Segmenting off the experience is central to instancing, obviously.

> On the other hand, I always considered instancing a way of
> providing a greater sense to players that their actions were more
> important.

That is what I meant by saying. "it first segments off the
experience so that greater narrative power can be brought to bear
and players cannot be interfered with."

> When you have an instanced dungeon, you know that you (and your
> party) are the heroes or villains, you're the important actors.
> Without instancing, you instead have to compete with other parties
> to be the important actors in a setting.
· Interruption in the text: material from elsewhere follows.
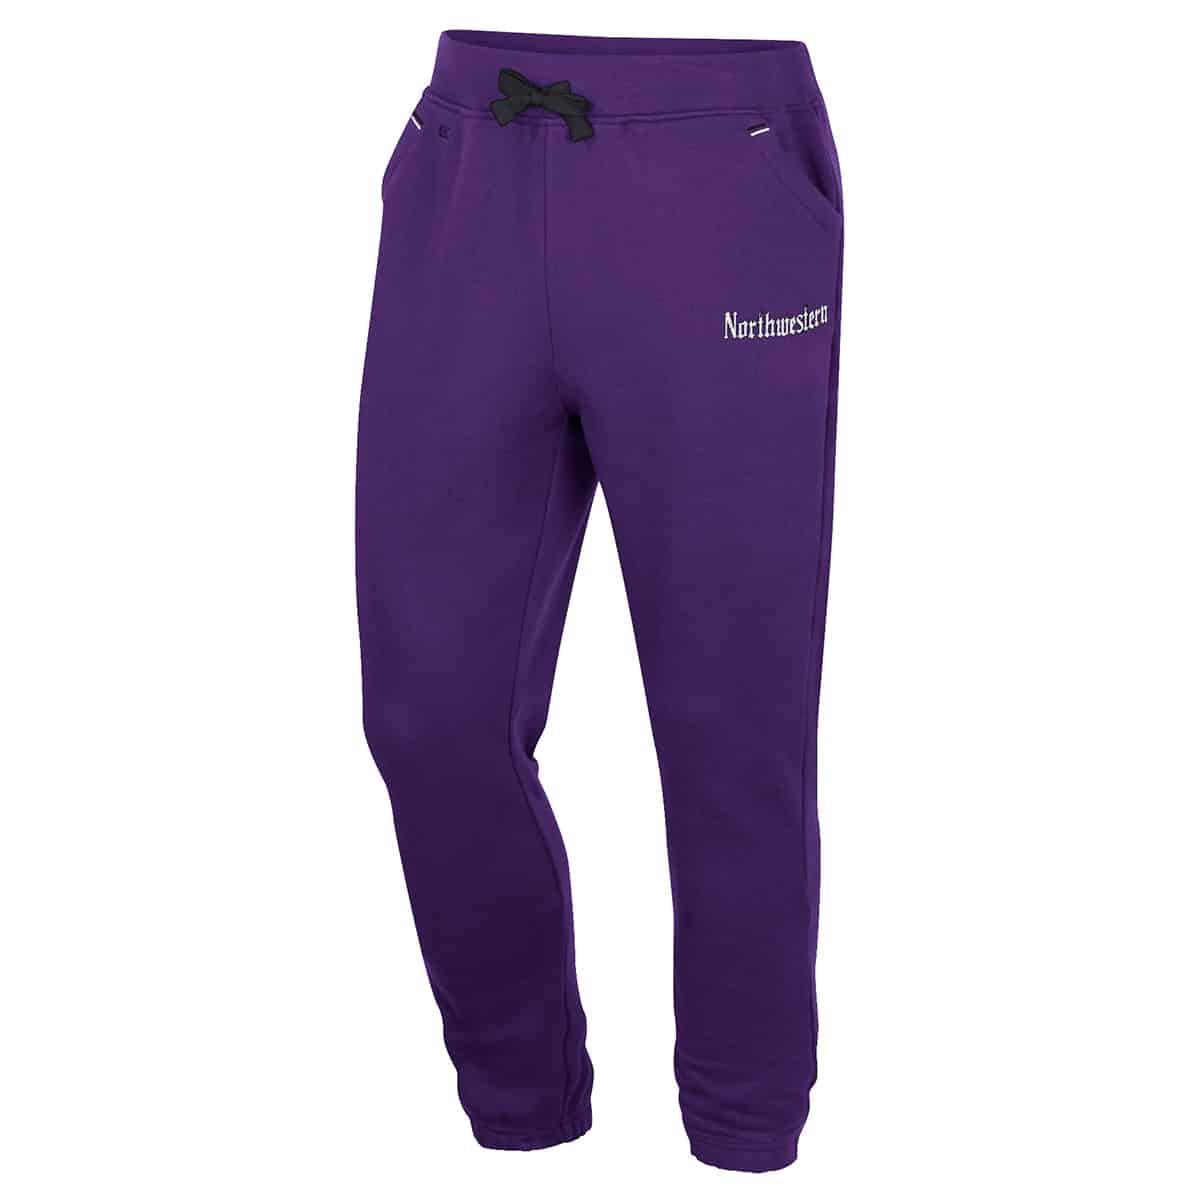 Northwestern Wildcats: Buy Jogger Pants and more
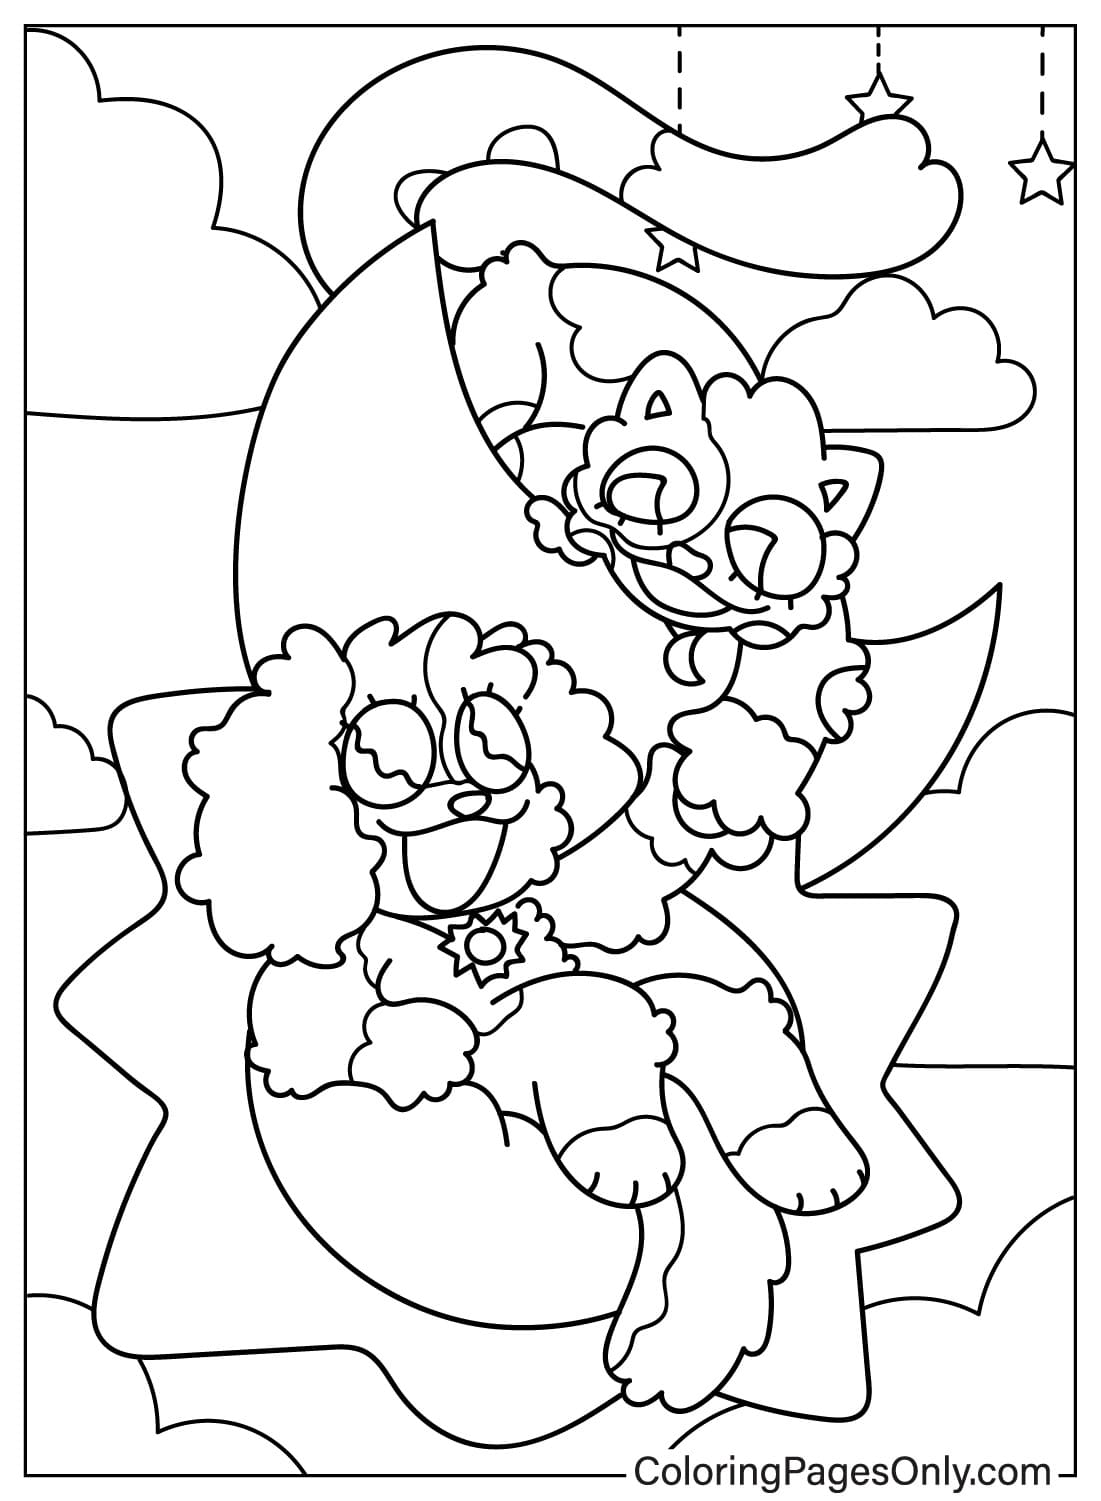 Drawing Catnap and DogDay Coloring Page from DogDay

That is correct, but the reason why I emphasize narrative power
there is because also by definition, what you do in the instanced
area is also completely irrelevant to the larger world. It makes the
players feel like the center of attention (and they are) but it also
eliminates the possibility of their actions actually BEING
important.

Mind you, we rarely make players' actions important anyway, even
when we have the world to work with. ;)

> This becomes particularly important when content is slowly
> injected into a game over time, because each new piece of content
> will be greatly desirable, yet sadly finite in availability.  How
> else do you solve the problem of ten parties of players wanting to
> interact with a segment of world that can only handle one or two
> parties?

Well, I think instancing works fine for that sort of static content
that is not intended to be impactful to the world state. But I see
the future of the medium as being impacting the world state, so...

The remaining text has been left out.